Travailler tout en poursuivant un traitement pour des maladies telles que le cancer ou les maladies liées au mode de vie n’est pas rare au Japon. Avec le vieillissement de la population et les avancées technologiques médicales, le concept de « travailler tout en vivant avec une maladie » devient une réalité dans de nombreux lieux de travail. Dans ce contexte, les entreprises japonaises sont de plus en plus sollicitées pour mettre en place des systèmes qui soutiennent la conciliation entre le traitement médical et le travail de leurs employés. Jusqu’à présent, le ministère japonais de la Santé, du Travail et des Affaires sociales a présenté des « lignes directrices pour le soutien à la conciliation entre le traitement et le travail sur le lieu de travail », encourageant les initiatives volontaires des entreprises.
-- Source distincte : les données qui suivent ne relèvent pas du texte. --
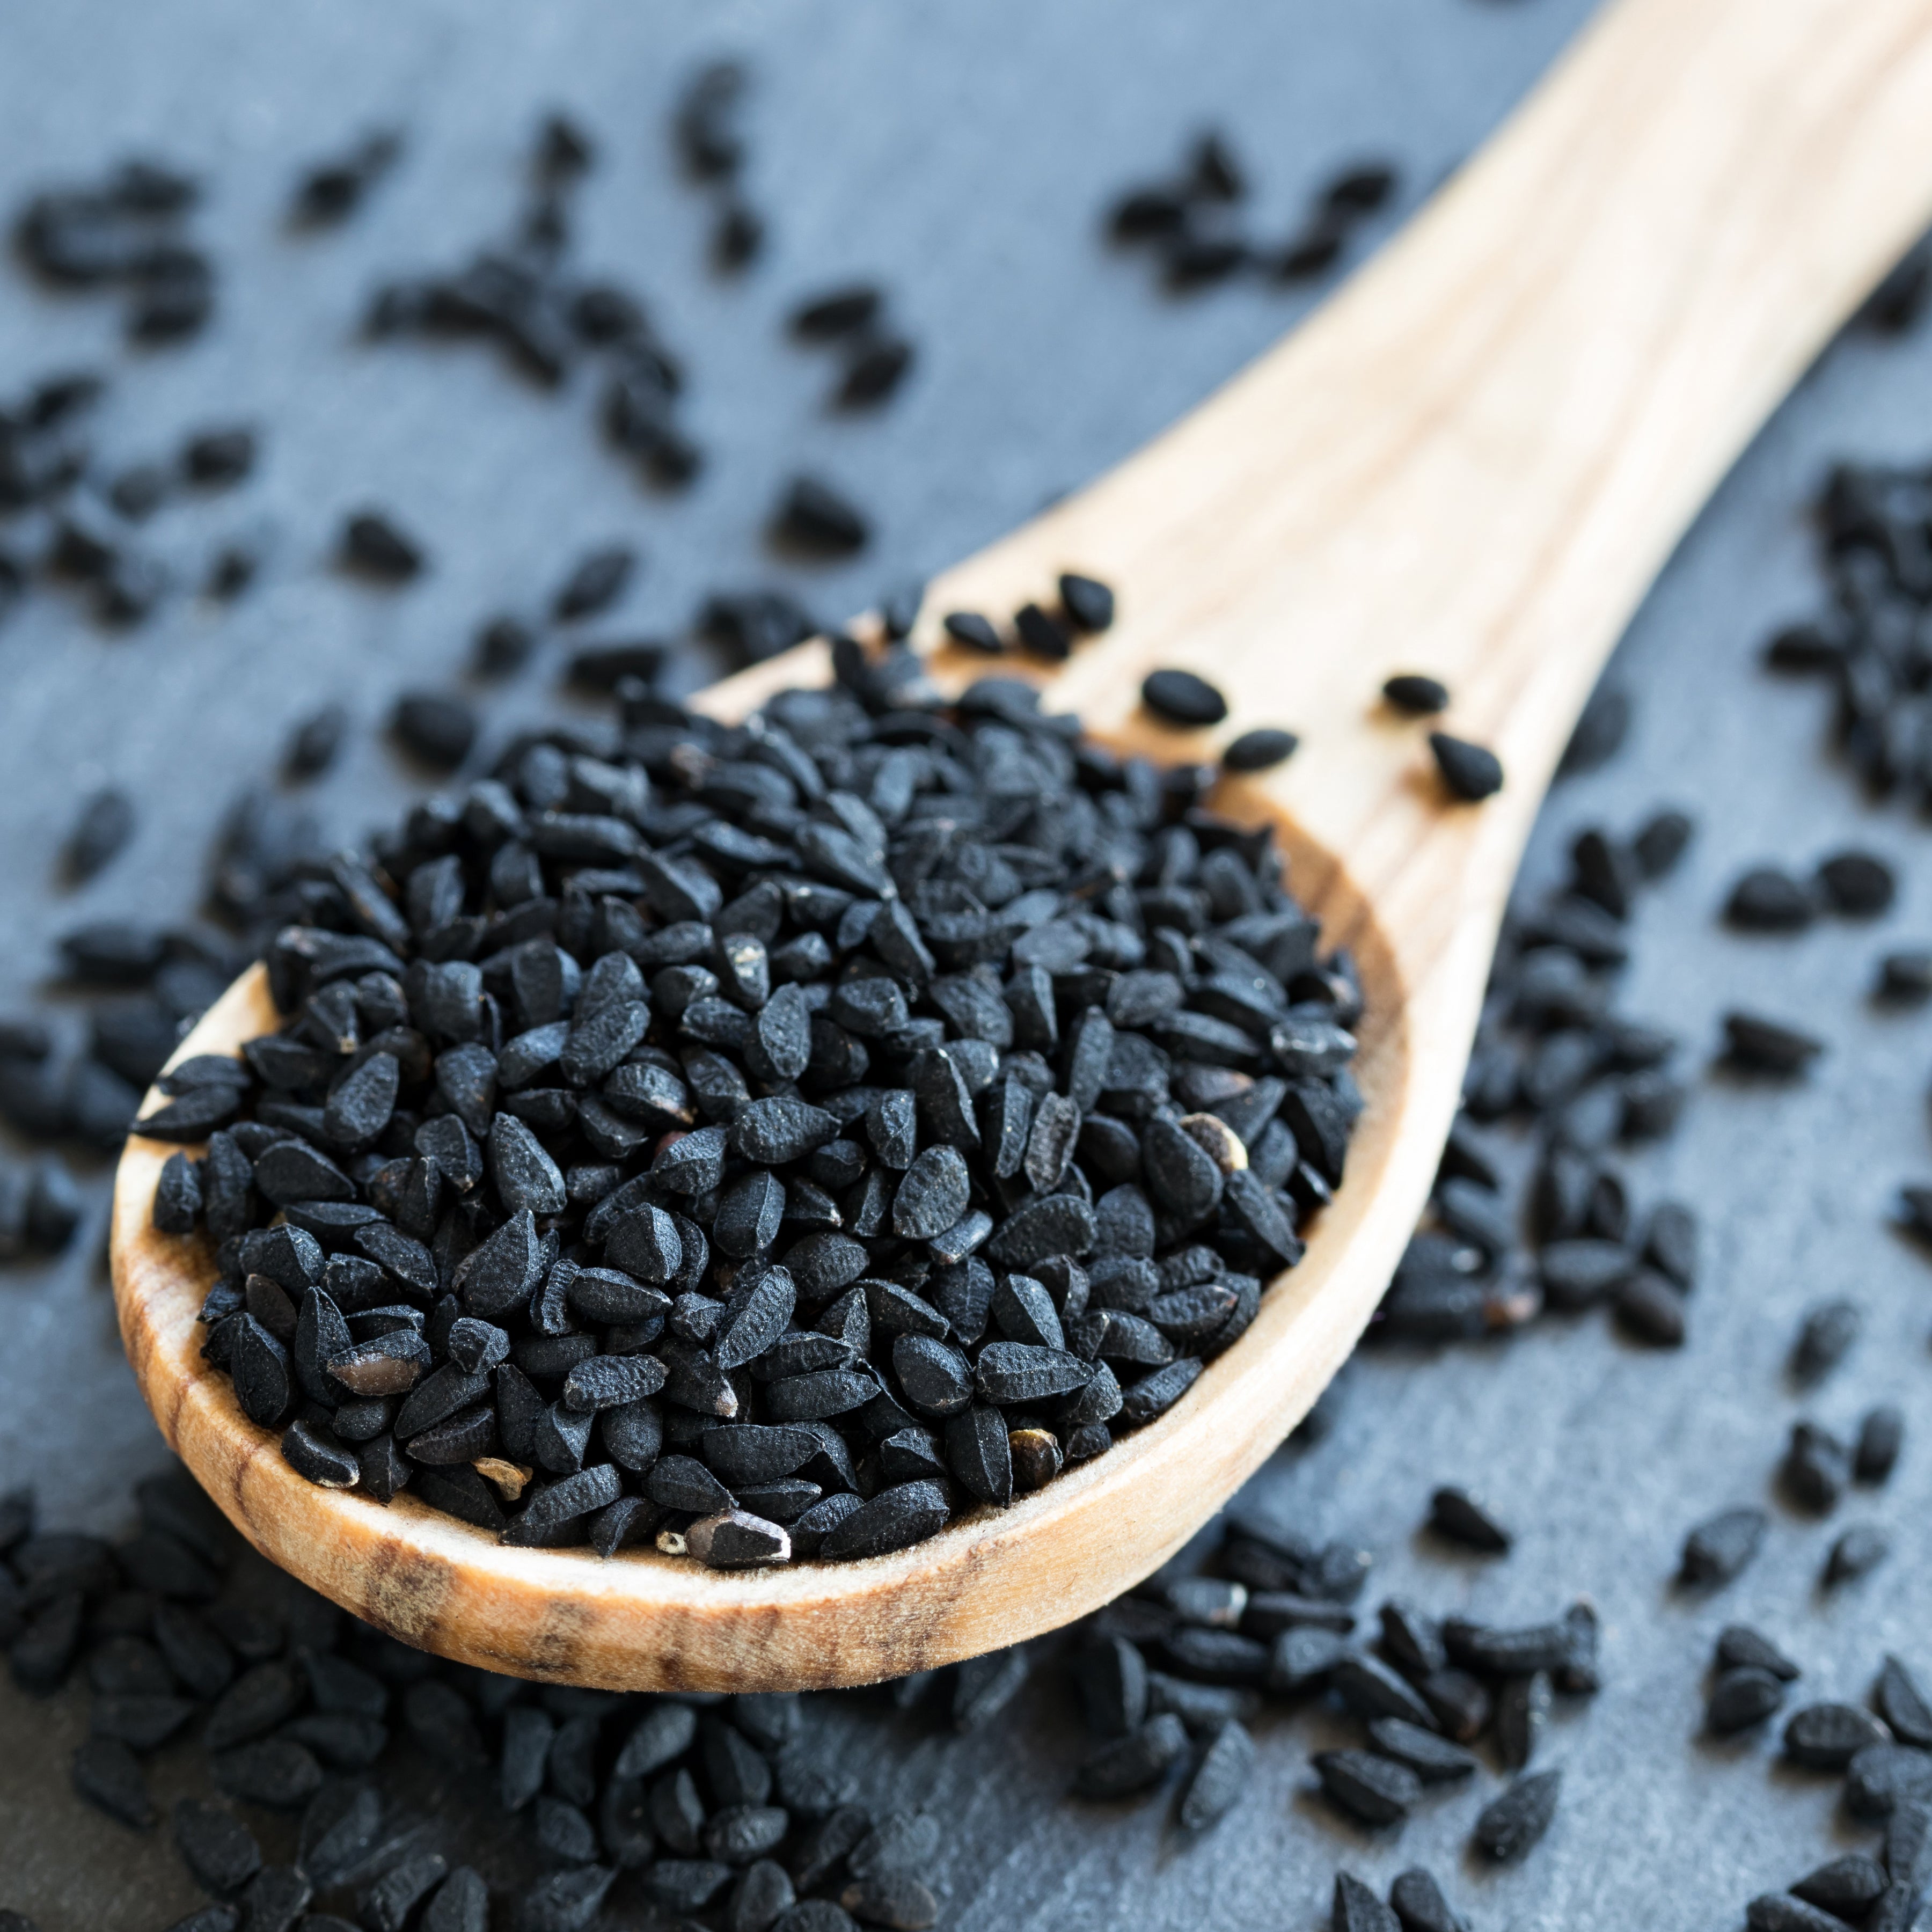 How To Use Black Seed Oil Kalonji For Hair Growth  Black Seed Oil  Benefits  How To Use Black Seed Oil Kalonji For Hair Growth  Black Seed  Oil Benefits It

Cependant, avec la révision de la Loi sur la promotion globale des politiques du travail prévue pour l’année Reiwa 7 (2025), la situation progresse d’un pas. La promotion de la conciliation entre le traitement médical et l’emploi sur le lieu de travail est désormais clairement définie comme une obligation d’effort pour les employeurs dans le cadre de la législation japonaise.

En conséquence, les lignes directrices existantes sont réorganisées en tant que « Directives pour le soutien à la conciliation entre le traitement et l’emploi » (Notification n°28 du ministère japonais de la Santé, du Travail et des Affaires sociales), qui auront une base légale et seront appliquées à partir du 1er avril de l’année Reiwa 8 (2026).

Dans cet article, nous examinerons, du point de vue d’un responsable juridique, le contexte et le contenu de ces directives, ainsi que les mesures pratiques que les entreprises japonaises devront adopter.

Contexte de l’Élaboration des “Directives pour le Soutien à la Concilation entre Traitement Médical et Travail” au Japon

Les directives ont été élaborées dans le contexte de changements significatifs dans l’environnement de travail au Japon. Nous allons les expliquer ci-dessous.

Augmentation des Travailleurs Continuant leur Traitement Médical tout en Travaillant

Un des principaux contextes est le changement de l’environnement entourant les travailleurs. Avec l’augmentation de l’emploi des personnes âgées, le pourcentage de personnes travaillant tout en suivant un traitement médical pour une maladie quelconque augmente chaque année. En l’an Reiwa 4 (2022), ce pourcentage a atteint 40,6 % de l’ensemble des travailleurs.

De plus, selon les résultats des examens médicaux réguliers effectués en vertu de la Loi japonaise sur la sécurité et la santé au travail (ci-après dénommée “Loi sur la sécurité et la santé”), le taux de résultats anormaux pour des facteurs de risque de maladies cérébrales et cardiaques, tels que la pression artérielle et les lipides sanguins, est également en augmentation, atteignant 58,9 % en l’an Reiwa 5 (2023).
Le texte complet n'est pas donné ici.